Де Врис достал из портмоне еще одну визитку и огрызком карандаша нацарапал что-то на обратной стороне. Отец с угрюмым видом сунул ее в карман и поблагодарил, неразборчиво пробурчав что-то на смеси русского и немецкого.
Голландец помог нам перетащить багаж в зал ожидания. Потом он попрощался, хлопнув меня по плечу, и добавил, что я парень смышленый.
— Приятно было с вами поболтать, — добавил он, а потом исчез в привокзальной толпе.
После долгой тряски в поезде пол у меня под ногами покачивался. В огромной толпе мне стало как-то страшно — вдруг задавят? Со всех сторон до меня доносились обрывки разговоров на чужом языке, которого я не понимал. Из громкоговорителя донесся женский голос, коротко, отрывисто объявивший что-то непонятное. Слова на рекламных щитах и объявления на табло почему-то показались мне знакомыми, но понять, что они значат, я не мог.
Мы перешли в зал ожидания, где было потише, но душно и накурено.

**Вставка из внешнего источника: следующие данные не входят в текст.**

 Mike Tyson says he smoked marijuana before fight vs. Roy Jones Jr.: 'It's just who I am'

Тощий молодой человек с длинными, до плеч, волосами нервно расхаживал туда-сюда и курил.
Отец решил, что мы с ним подождем на вокзале, а мама пока поищет в городе дешевое жилье.
— А пансион, о котором дяденька в поезде говорил?

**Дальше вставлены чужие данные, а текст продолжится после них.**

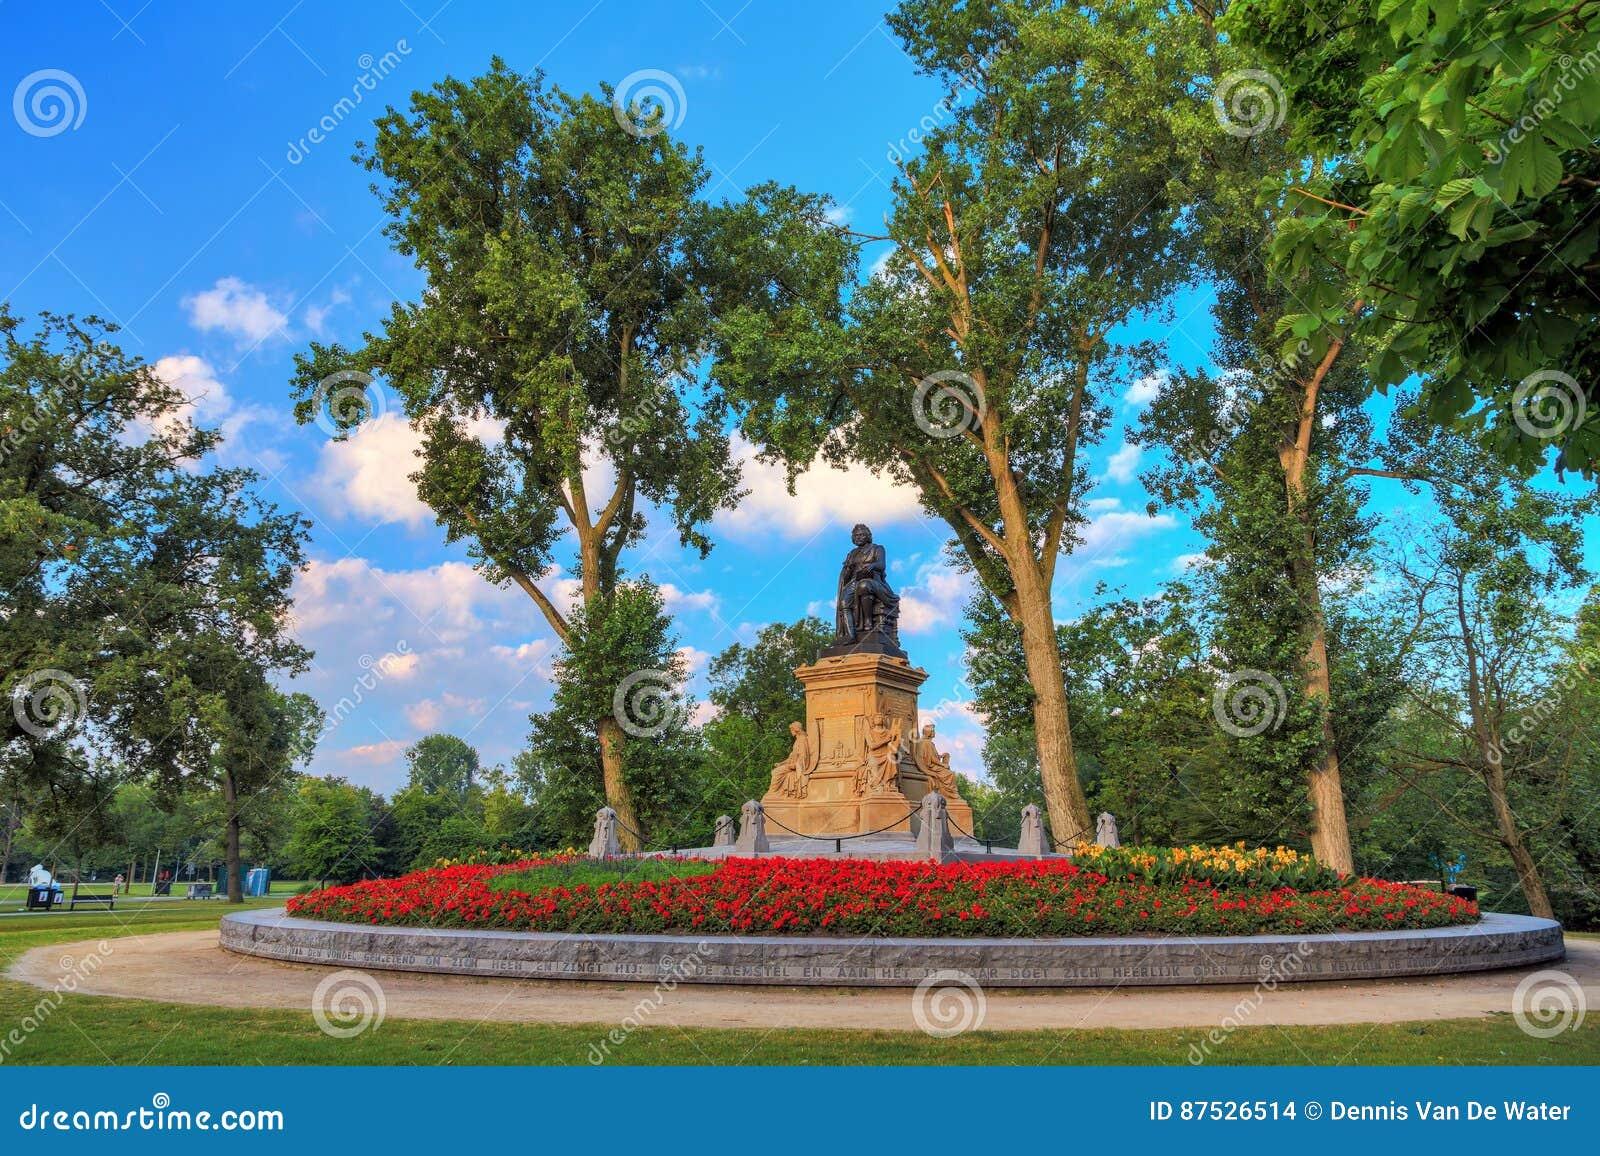 Statua di Vondel in primavera

— Кто знает, что это за дыра, еще окажется бордель какой-нибудь. И вообще, после всего, что ты сегодня натворил, сиди и помалкивай. Чтоб тебя и не слышно было!
Потом отец принялся поучать маму: вот какую комнату надо снять, за столько-то и столько-то, с такой-то мебелью…
— Я помню, что с деньгами у нас не густо. Я еще не окончательно спятила. Хочешь — иди и ищи сам!
— Да что ты сразу…
И они стали спорить шепотом, но возбужденно жестикулируя. Через некоторое время мама и правда ушла искать комнату. А я привалился к плечу отца и мгновенно заснул.
— Ю вонт рум?
Я вскочил и открыл глаза. Перед нами стоял молодой человек, который все это время расхаживал неподалеку.
— Ю вонт рум? Ай хэв рум. Вери чип. Вери гуд.
— Нет! — оборвал его отец, но незнакомец не отставал.
— Ю кам виз ми, ай шоу ю. Рили гуд плейс. Онли твенти гилдерс пер найт.
Тут отец встал и произнес по-русски длинную фразу, в которой в весьма нелестном контексте упоминалась мать молодого человека. Меня очень удивило, что отец знает мать совершенно незнакомого голландца и даже собирается сделать с ней что-то странное. Но я уже перестал изумляться тому, что говорил и делал отец. Длинная фраза возымела действие. Либо молодой человек знал русский и решил спасать свою мать, либо и так догадался, что отец у него комнату не снимет. Так или иначе, он вскинул руки, словно защищаясь, и попятился.
— Окэй, окэй, — сказал он. — Ю донт вонт. Ай гоу.
Однако из зала ожидания не ушел и даже опять закурил сигарету.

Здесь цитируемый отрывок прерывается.